> _What the exercise asks_: Please repeat exactly the lines below from the line with "#NOTCOIN WILL SURPASS $1 MARK MY WORDS." to the line with "Scapa Scotch whisky", including both, and leave out every picture.

> _Data to process_:
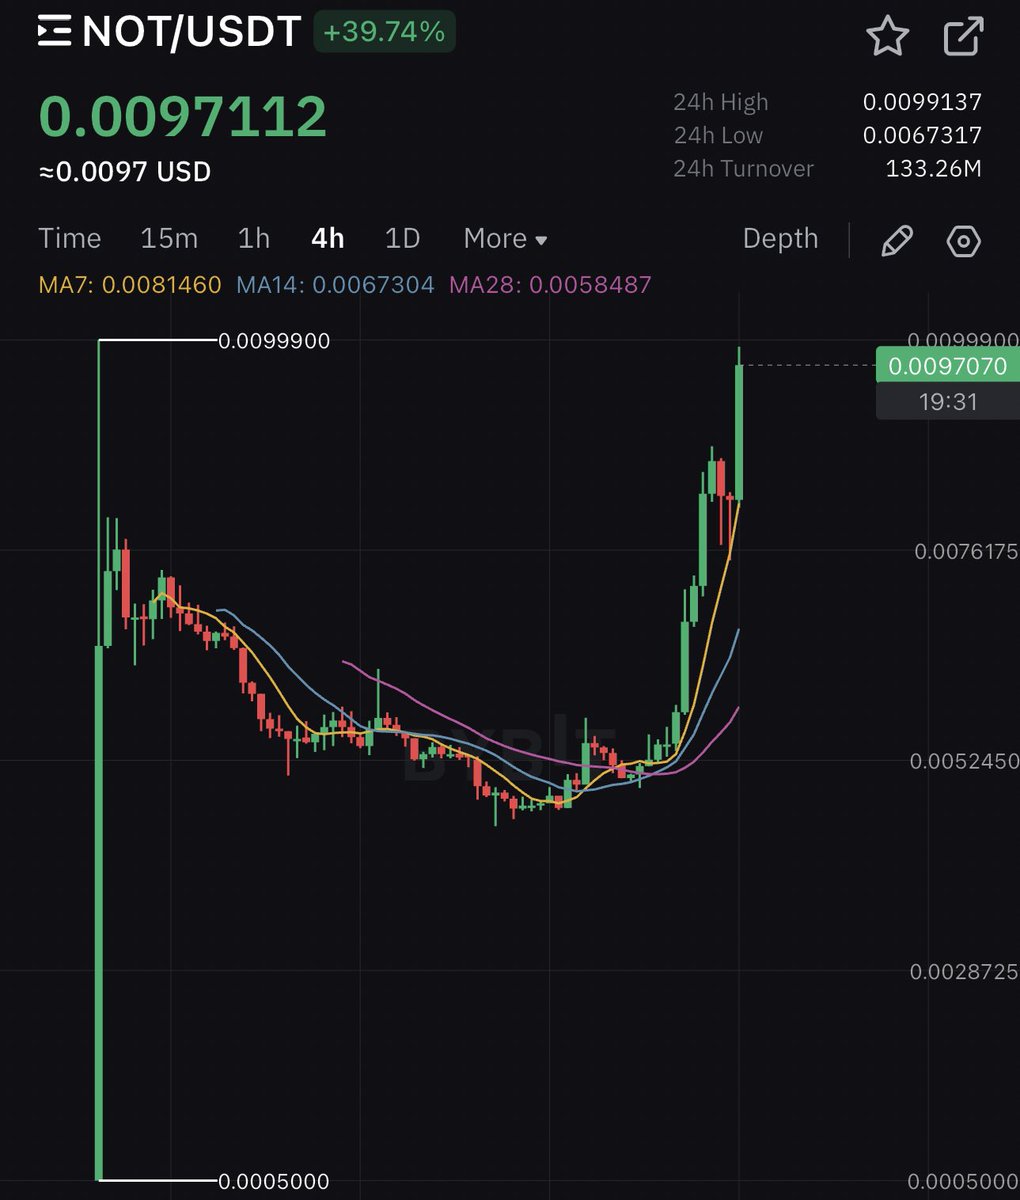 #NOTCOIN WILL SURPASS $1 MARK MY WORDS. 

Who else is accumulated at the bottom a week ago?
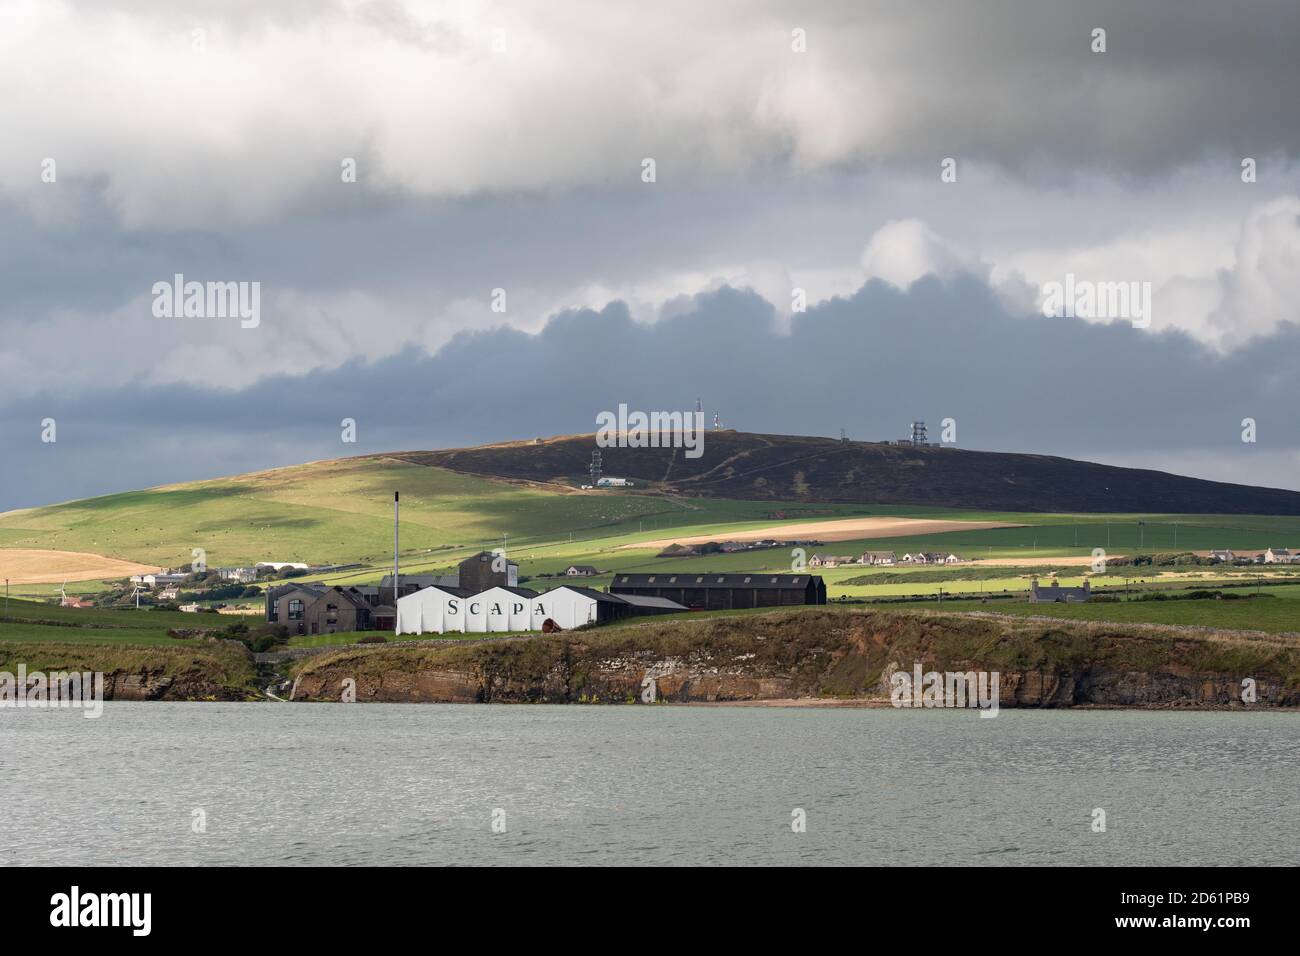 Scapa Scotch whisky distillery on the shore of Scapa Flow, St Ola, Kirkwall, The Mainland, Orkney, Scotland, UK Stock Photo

--

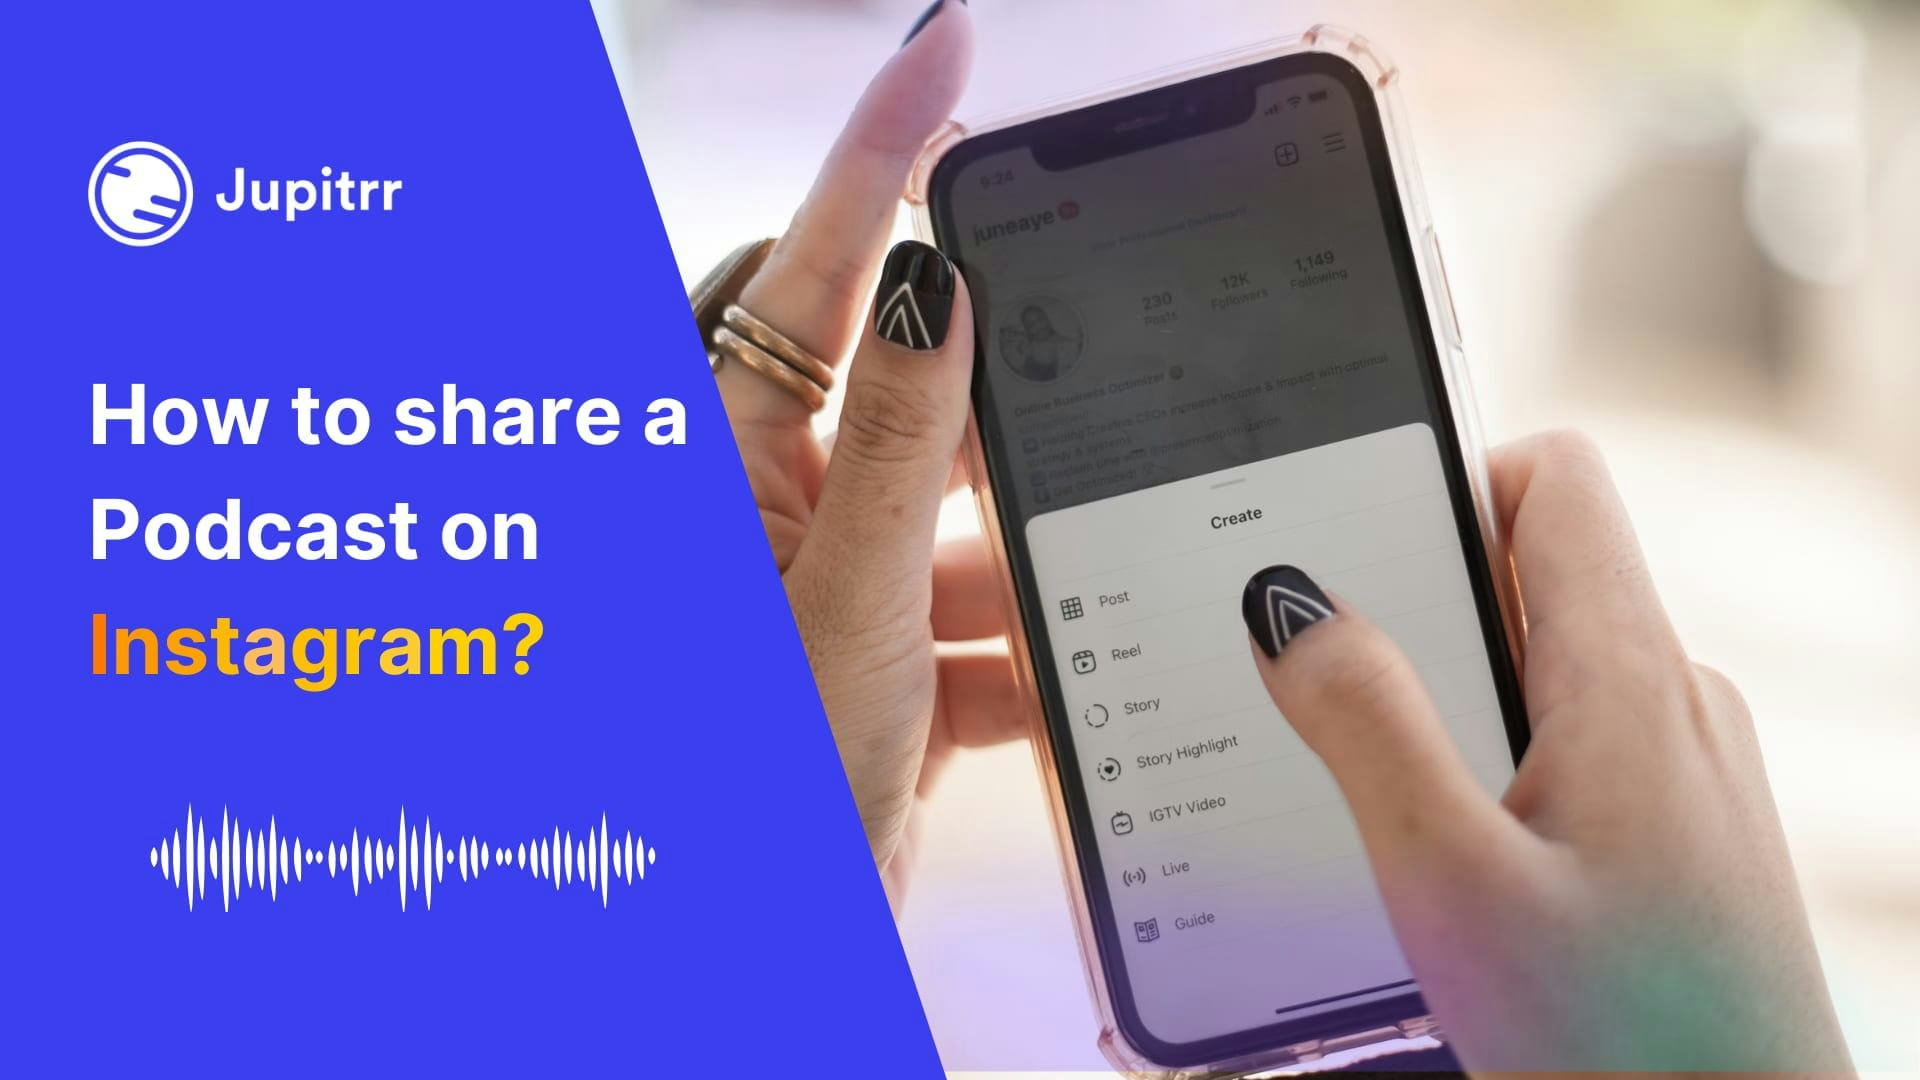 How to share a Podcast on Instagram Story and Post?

==

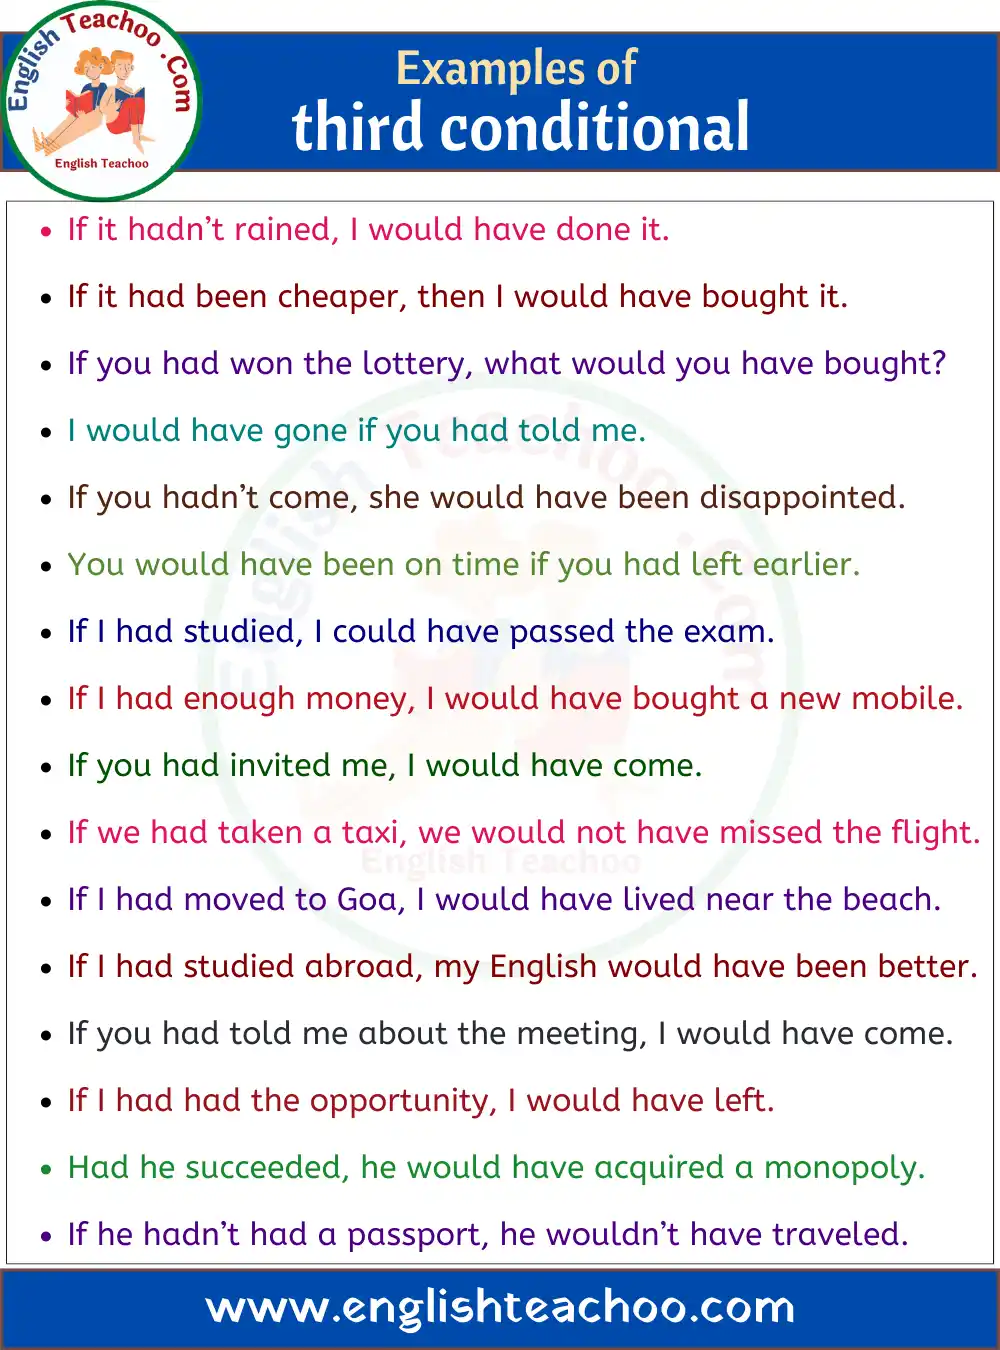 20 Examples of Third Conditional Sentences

> _Solution for this exercise_:
 #NOTCOIN WILL SURPASS $1 MARK MY WORDS. 

Who else is accumulated at the bottom a week ago?
 Scapa Scotch whisky distillery on the shore of Scapa Flow, St Ola, Kirkwall, The Mainland, Orkney, Scotland, UK Stock Photo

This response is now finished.